Abney works with a variety of components and material -- from rubber gaskets to air purifiers, which are assembled at his workstation.

His workstation is in one of the Upholstery Branch's three shops. Two of the three contain repair processes.

In another building, upholstery employees disassemble and install spall liners in Stryker vehicles.

The spall liners serve a dual purpose. They are an added layer of armor inside the Stryker and they dissipate the energy of bullets fired into the vehicle, preventing ricochets.

The metal plates and combination of materials behind them are glued in place to prevent movement and keep the liners from being dislodged during the vehicle's use.

"Once the spall liners are installed, they are very difficult to get off," said Mary Turley. "They are meant to stay in place."

Turley and other Upholstery Branch employees pry old spall liners off the vehicles during the disassembly process for Strykers sent to the installation for repair. Residual glue from the metal interior of the vehicle is then removed through grinding and sanding.

The freshly cleaned area is painted before a new spall liner is installed in its place.

"The liners can be like a big jigsaw puzzle. If the pieces don't fit exactly right, the spall liners don't work," said Turley.

Machining

Charles Kirkland has been a machine tool operator in the Upholstery Branch's machine shop for the last six-and-a-half years.
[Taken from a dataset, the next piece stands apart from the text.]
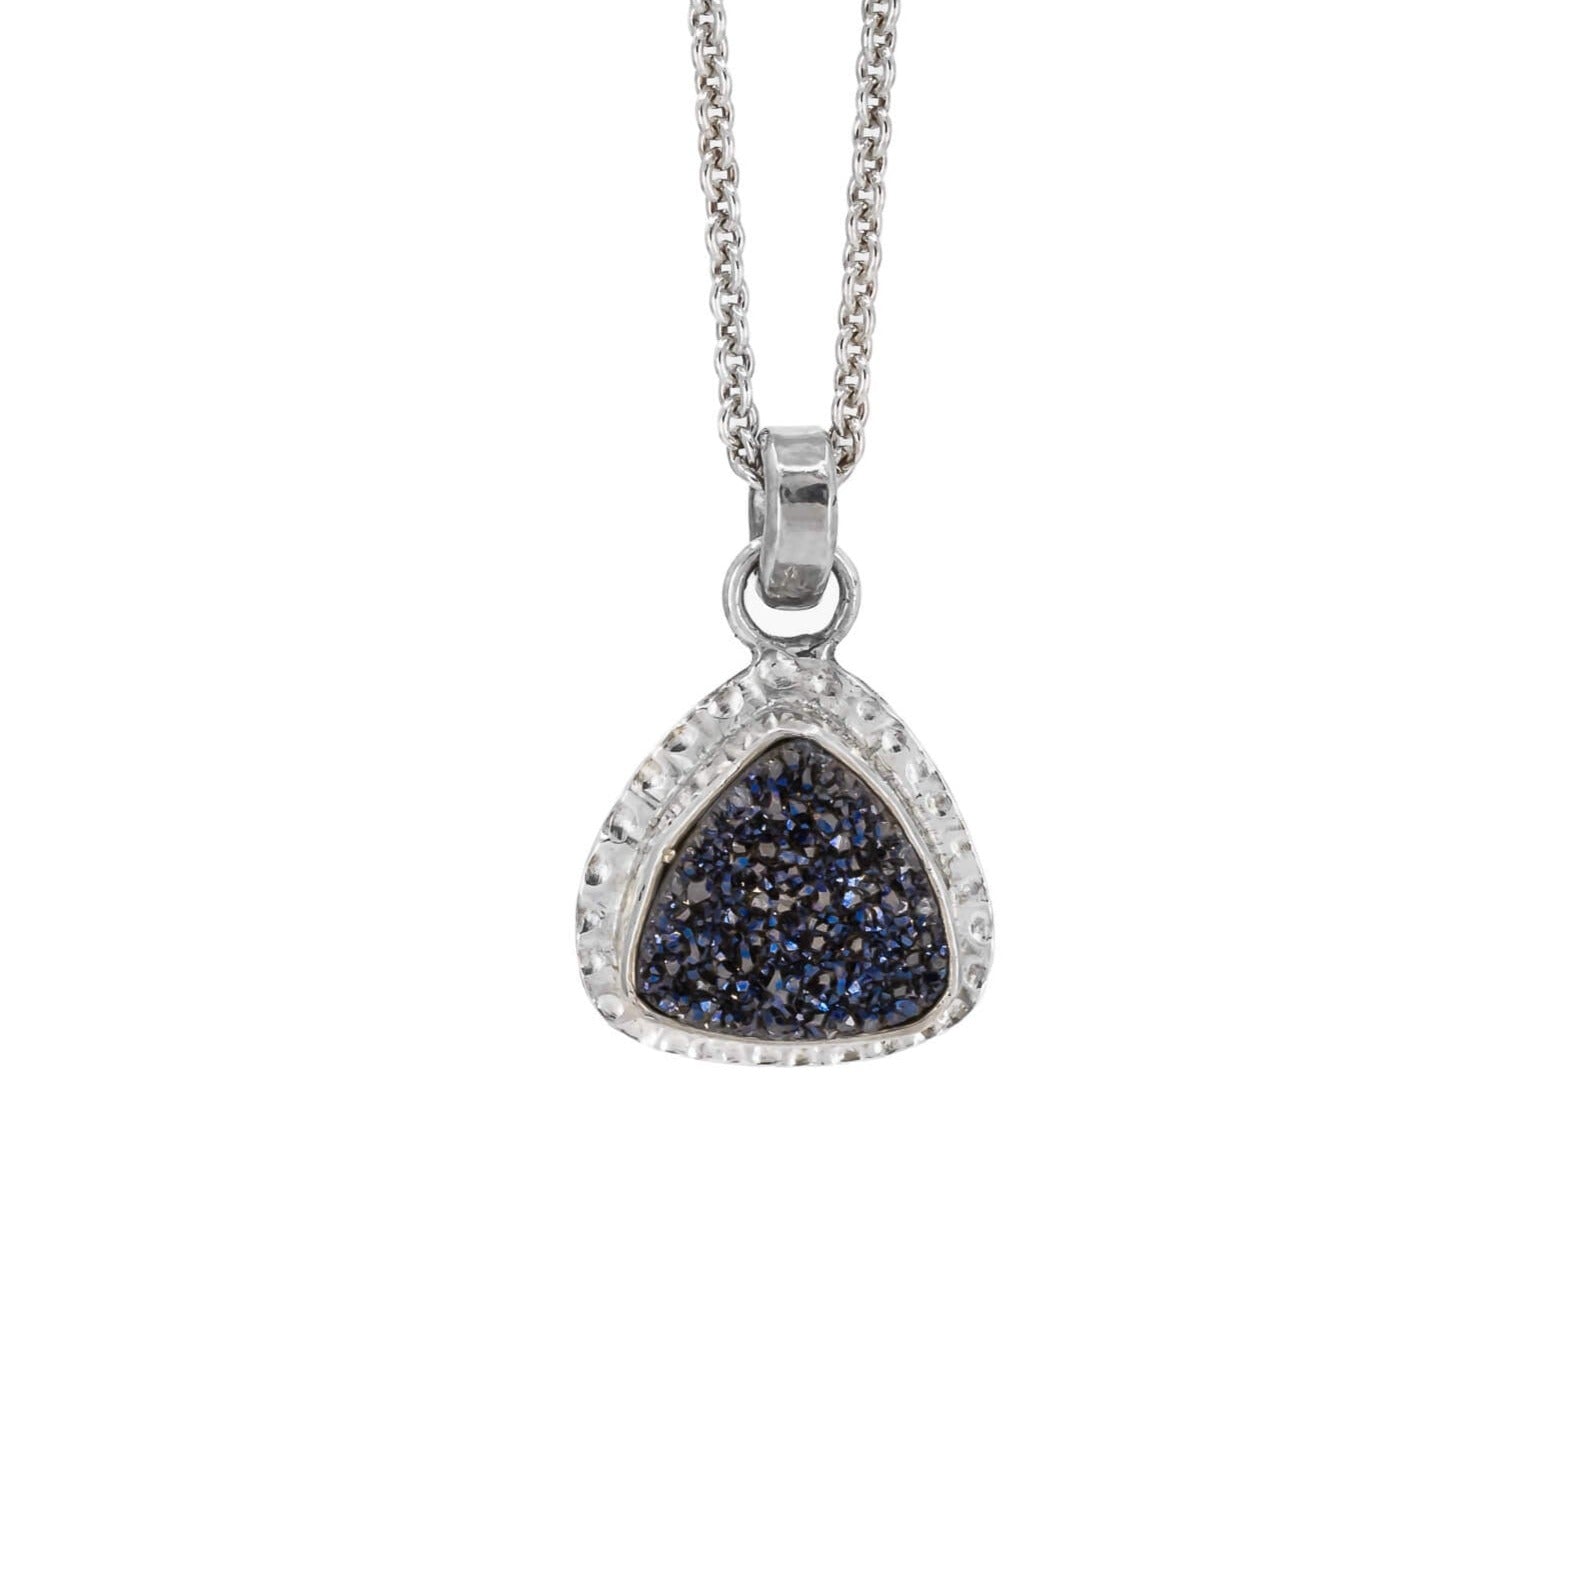 Dark blue druzy pendant necklace in sterling silver

There, he creates items from raw materials.

Orders from throughout the installation request certain parts -- from gaskets to seals and even cork or paper products.

If the material requested is in stock and a die exists for the requested item, producing the product is simply a matter of placing the pieces into the appropriate press.

Often, however, Kirkland has to create a new die for the products requested. He bends and forms sharp metal strips, embedding them into hardwood bases to create a stamp used to cut the material.

"It's great to have this processlocated here on the installation because we can produce materials and get them to shops quickly," said Kirkland.

Plates and printing

The branch's third location houses the Metal Plate Shop. There, in addition to creating and cutting metal plates, Kenny Miller and his co-worker, Addie Kirksey, produce text and images on a variety of materials, including vinyl stickers and banners.

"The data plates can be applied to just almost anything the depot produces. They contain whatever information our customers want," said Miller.

The plates may even be dyed to accommodate specific requirements. Miller said the shop can dye the metal to one of 24 different hues.

"This is not an artistic process," said Miller. "It is focused on what the customer wants."

One of the most prevalent designs Miller and Kirksey print or etch onto their products is a square design known as Item Unique Identification.

An IUID is a square barcode that, when scanned, sends information about the part or vehicle to a computer, allowing the user to view or input information about the part or vehicle.

Applying an image or text to aluminum in the plate shop is a photographic process, similar to developing photographic film. There is a developer, a fixer and a rinse bath. The only addition is a cooking process in boiling water, which seals the porous metal.

Plates made of stainless steel are laser-etched in one of two machines. These plates are generally used on engines or in areas where the material must endure high heat.

Fabric fabrication

In addition to working with a variety of metals, rubber, cork, paper and plastic, the Upholstery Branch also works with cloth.

In one relatively new process, employees turn fabric into a thick, hard armor that can be cut, drilled and molded to nearly any shape.

The multiple layers of Kevlar, a high-strength fabric, and fiberglass hardened with resin are currently used to create lightweight covers attached to the turret of the Assault Breacher Vehicle.

"It is amazing to watch cloth turn into hard, ballistic material through this process," said Belinda Santiago, one of the Upholstery Branch employees working on the ABV panels.